Налимов с чувством вдохнул чистый, пропитанный цветочными ароматами луговых трав воздух, разделся и нырнул. Отец Николай присоединился к нему, борода его намокла, толстые щеки сделались, хорошо видны.
– Эх, Расея, – взволнованно произнес Налимов, шлепая руками и ногами по поверхности воды, – хорошо-то как, живи и радуйся!
Отец Николай тепло улыбнулся ему и поплыл, загребая руками, оставляя после себя широкие круги.
– Отец Николай, – прокричал ему вслед, Налимов, – я пожалуй, послушаю тебя, возьму и женюсь на Валентине, ей богу, женюсь!
– Хорошее дело! – ответил ему отец Николай и перешел на подводное плавание.
7
– А может не стоит жениться, подумал Налимов, когда дом гостеприимного священника, отца Николая, остался позади.
Чего ради? Готовит еду, он сам, стирает в стиральной машине, костюмы отдает в химчистку, пыль и полы в квартире убирает два раза в неделю с помощью моющего пылесоса. Тогда, зачем? Даже остановился Налимов.
Вокруг его автомобиля шумела жизнь. Волновалось поле пшеницы, звенели невидимые кузнечики, порхали птички и где-то высоко в небе заливался жаворонок.

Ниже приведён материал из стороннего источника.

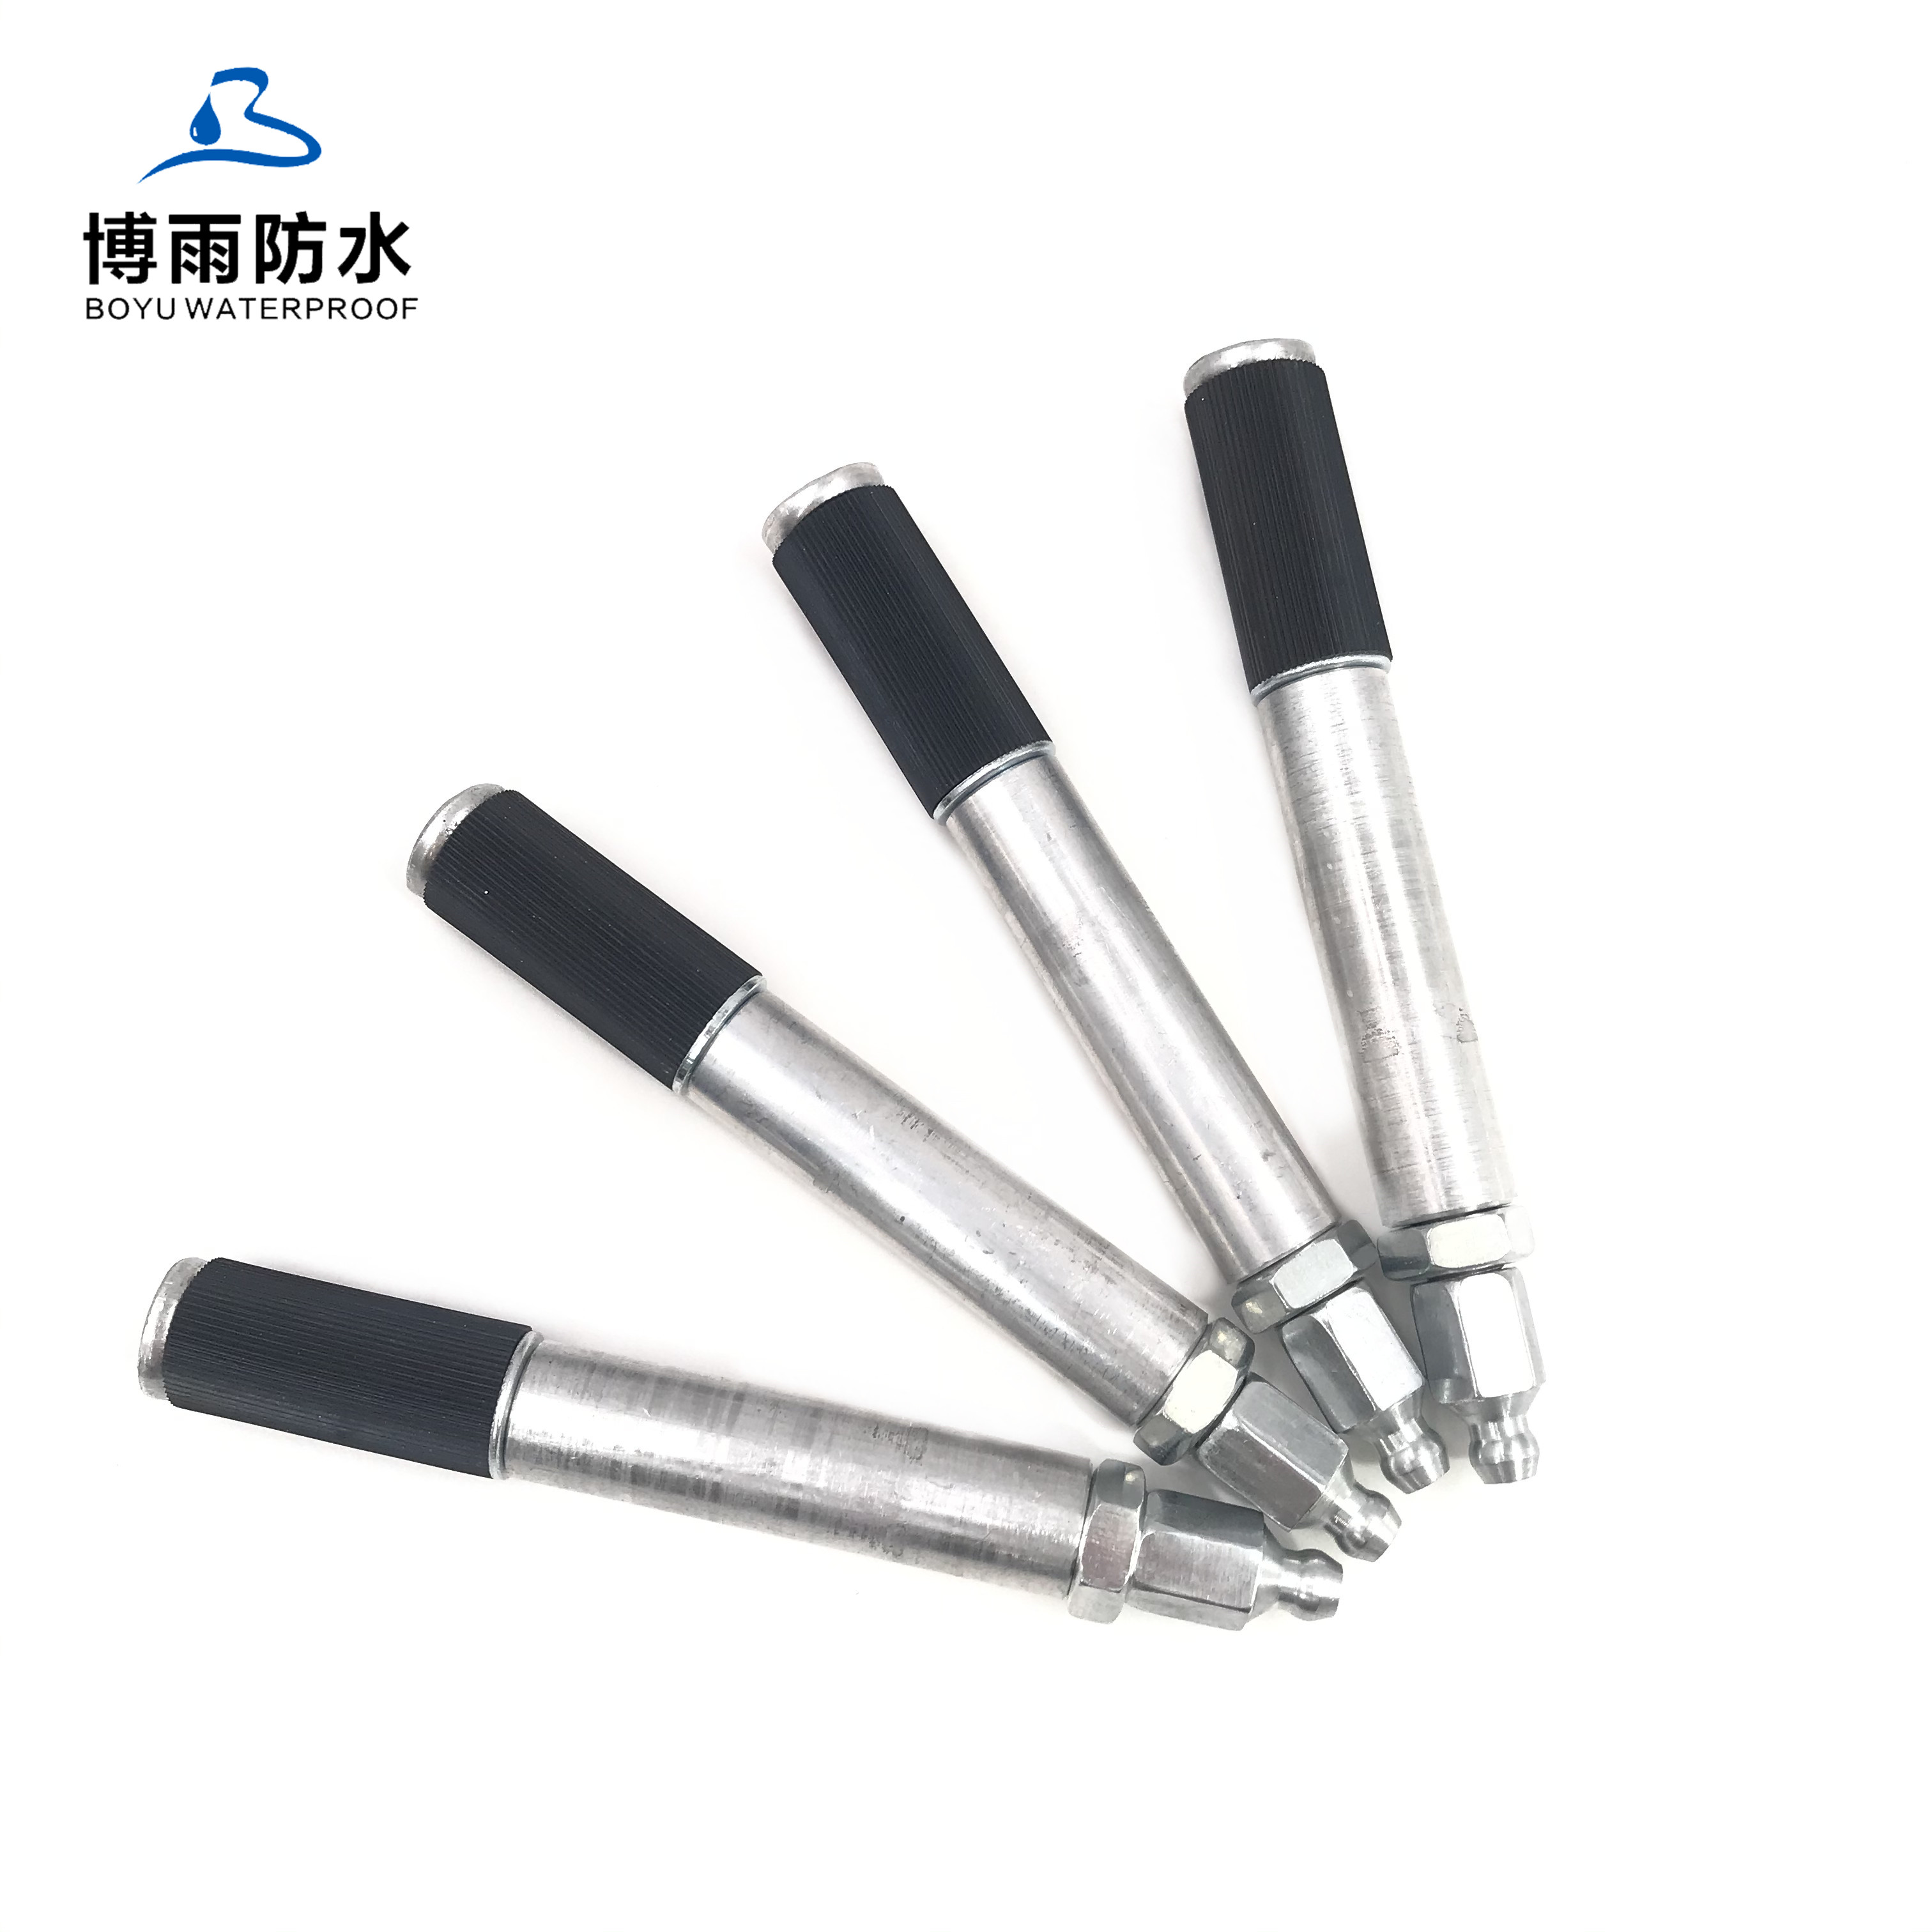 injection grouting packers steel Aluminum 13*100mm A10 Grout Injection Packer Featured Image

Но с другой стороны, думал Налимов, глядя на дрожащую от зноя линию горизонта, Валечка хорошо готовит, вкусно. И Валентин Михайлович сглотнул, вспоминая наваристые борщи и нажористую картошку с мясом, приготовленные умелыми ручками подруги.
И опять-таки, если женится, не придется со стиркой возиться, чистоту в квартире наводить, все будет делать жена.
Однако у нее есть дочь, вздохнул Налимов. Проблема!
Валентин Михайлович вышел из машины, покачался с каблука на носок, уперев руки в бока, посвистел сквозь зубы и придумал:
– А чего я парюсь, – воскликнул он так громко, что в пшенице замолчали кузнечики, – дочь у нее большая, сама проживет! Опять-таки, квартира есть, денег на месяц я ей оставлю, так и быть, а там сама как-нибудь проживет, не маленькая, работать устроится!
И приняв решение, Налимов прыгнул за руль.
Валентина оказалась дома, и Валентин Михайлович отодвинув ее в сторону, деловито прошел на кухню.
– Все великие дела у русских людей решаются на кухне! – заглядывая в кастрюлю, объявил Налимов.
И потер руки.
– Ну-с, может, покормишь жениха?
– А вот с этого места поподробнее! – потребовала Валентина.
Но Налимов, вдохновленный своей идеей, не слушал бормотания, пускай даже будущей жены, а усевшись за стол, отдал должное фантастически вкусному рассольнику.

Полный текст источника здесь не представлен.